“Guardians of the Galaxy:” more than just a movie

I was extremely excited when I first heard about the movie “Guardians of the Galaxy,” mainly because both Chris Pratt and Zoe Saldana are beautiful to look at…ok solely for that reason, but when I heard my geeky (I’m using that as a term of affection) younger brother getting excited about it I began to wonder what I was missing. I gained a little bit of insight when I drove my brother and his friends to what they thought would be a midnight showing, but ended up being a closed movie theatre. All three of them were shocked that the movie did not have more hype surrounding it, and on the way home I discovered that “Guardian of the Galaxy” is based off of a comic book.

Clearly I am not an expert when it comes to the Guardians, but I was interested into why this movie did not have the kind of reaction that many of the other Marvel movies had, although admittedly it did become the highest grossing movie of 2014, so not bad.

After looking up information on the comic book I’m still not an expert, but I did gain a little more insight as to why it might not have had quite the following the “Iron Man” or “The Avengers.” From what I gleaned from other websites, “Guardians of the Galaxy,” while having several stand-alone issues, was used to draw in other superheroes such as Spiderman, Ironman, and some of the X-men to name a few.

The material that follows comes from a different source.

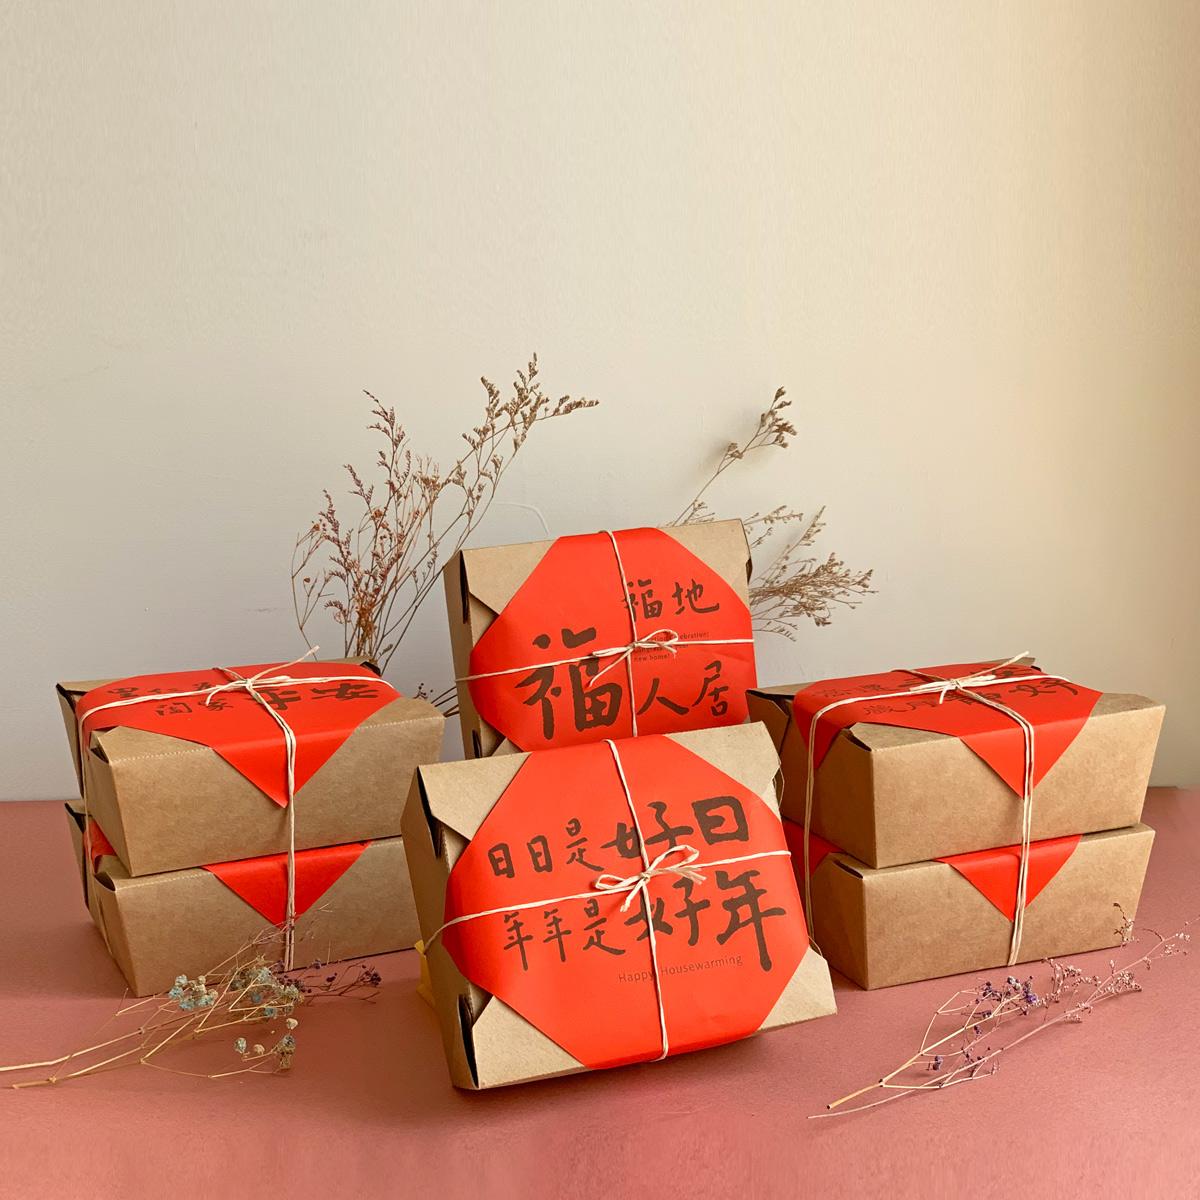 新居入厝禮物推薦|用米做的禮盒網友大推

The Guardians were also composed of more than just the four members from the movie, including Agent Venom in order to keep a relationship between the Guardians and the Avengers. It seems that “Guardians of the Galaxy” had less of a cult following because the comic book was used as a means to connect other heroes together. As I said, I in no way have extensive knowledge about this, so if you have anything to add or any more information feel free to add it.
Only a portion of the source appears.